See more of the story

Let's call it progress that "Happiest Season" suggests gay people are as entitled to mawkish, contrived holiday movies as straight people are.

The premise is that Kristen Stewart's Abby, not a big fan of decking her halls with boughs of holly, is meeting the family of fiancée Harper (Mackenzie Davis) at Christmastime. As Abby is minutes from arriving at her future in-laws' garland-festooned door, Harper reveals that, oh yeah, she hasn't told her family she's a lesbian, so Abby must lie for the next five days, pretending to be her extremely straight roommate.

That, of course, is the moment when a real person would say, "I'm not going back into the closet or to your family Christmas. Also, we are through." But Abby agrees, setting up a would-be farcical mishmash of "The Family Stone" and every mistaken-identity Lifetime holiday movie ever made. Except the Lifetime movie would be better because it wouldn't take itself seriously, whereas "Happiest Season" wants to say Important Things About the Human Condition.

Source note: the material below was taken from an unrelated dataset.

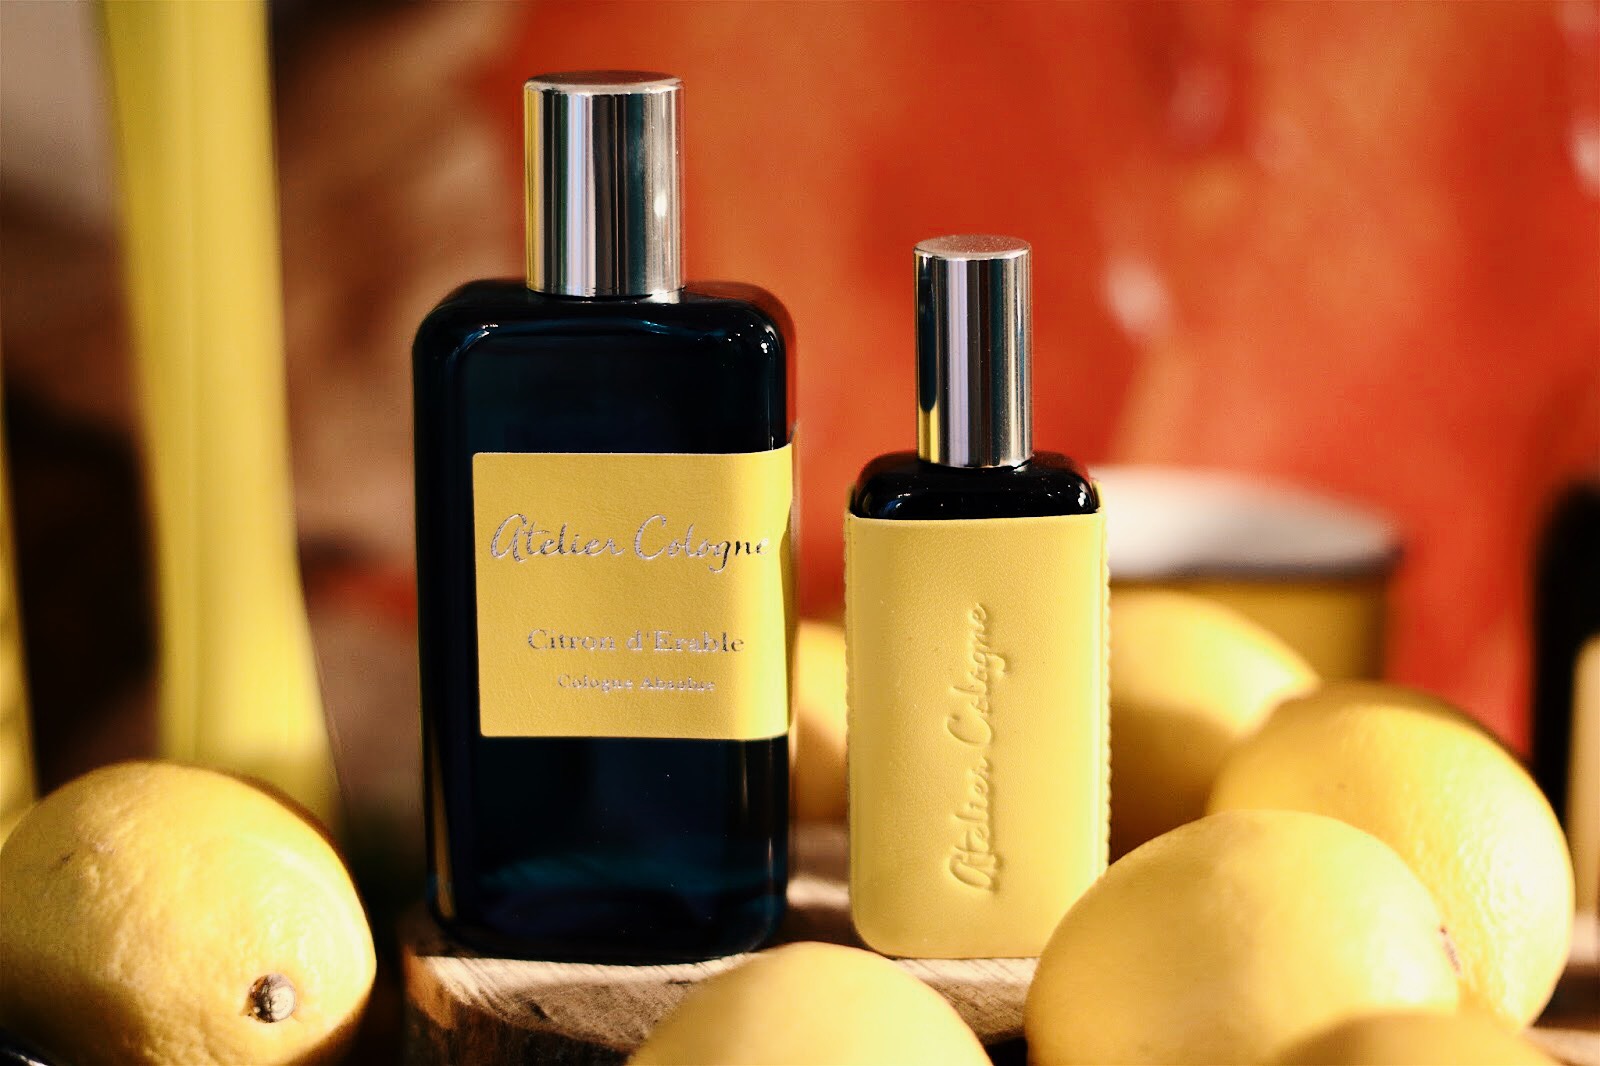 Nước hoa Citron d’Erable trứ danh nhà Atelier Cologne được mệnh danh là cực phẩm thơm tho trong bảng xếp hạng các mùi hương nhóm citrus.

Actor Clea DuVall wrote and directed "Happiest Season" and attracted an excellent cast, including Mary Steenburgen and Victor Garber as Harper's parents, Alison Brie as her competitive sister, Dan Levy as Abby's pal and Aubrey Plaza as Harper's (secret) ex. Unfortunately, the only one given anything interesting to do is Plaza, who looks exactly like she always does but drops the arch act she perfected on "Parks and Recreation" and is, thus, almost unrecognizably sincere.

I felt especially bad for Steenburgen, who deserves better than this one-note control freak role, passive-aggressively forcing a litany of holiday "fun" on her loved ones. (Nonsensically, Harper claims her Christmas will make Abby love the holiday, even though the entire family seems to hate it.) Unlike the other characters, Steenburgen's mean mom doesn't even get to reveal a big secret in the last minutes of the movie.

You've probably already guessed that those secrets get unveiled, one after the other, while the family is unwrapping presents. One family member unties the bow on an unhappy marriage, one tears the tissue paper off a hitherto-unknown talent, etc. There's so much melodrama to literally unpack that "Happiest Season" begins to resemble "Who's Afraid of Virginia Woolf?" played as farce. And, once all the secrets are un-secreted, everyone is immediately accepting of everyone else in a way that makes Harper's failure to come out sooner even less believable.

Look, coming out is a tricky, ongoing process and everyone does it differently. It's certainly possible that 30-year-olds with extremely supportive families are reluctant to do it in 2020, but "Happiest Season" never manages to convince us that this particular 30-year-old would behave like this, or that anyone else would. One other tiny flaw in this comedy: It's not one bit funny.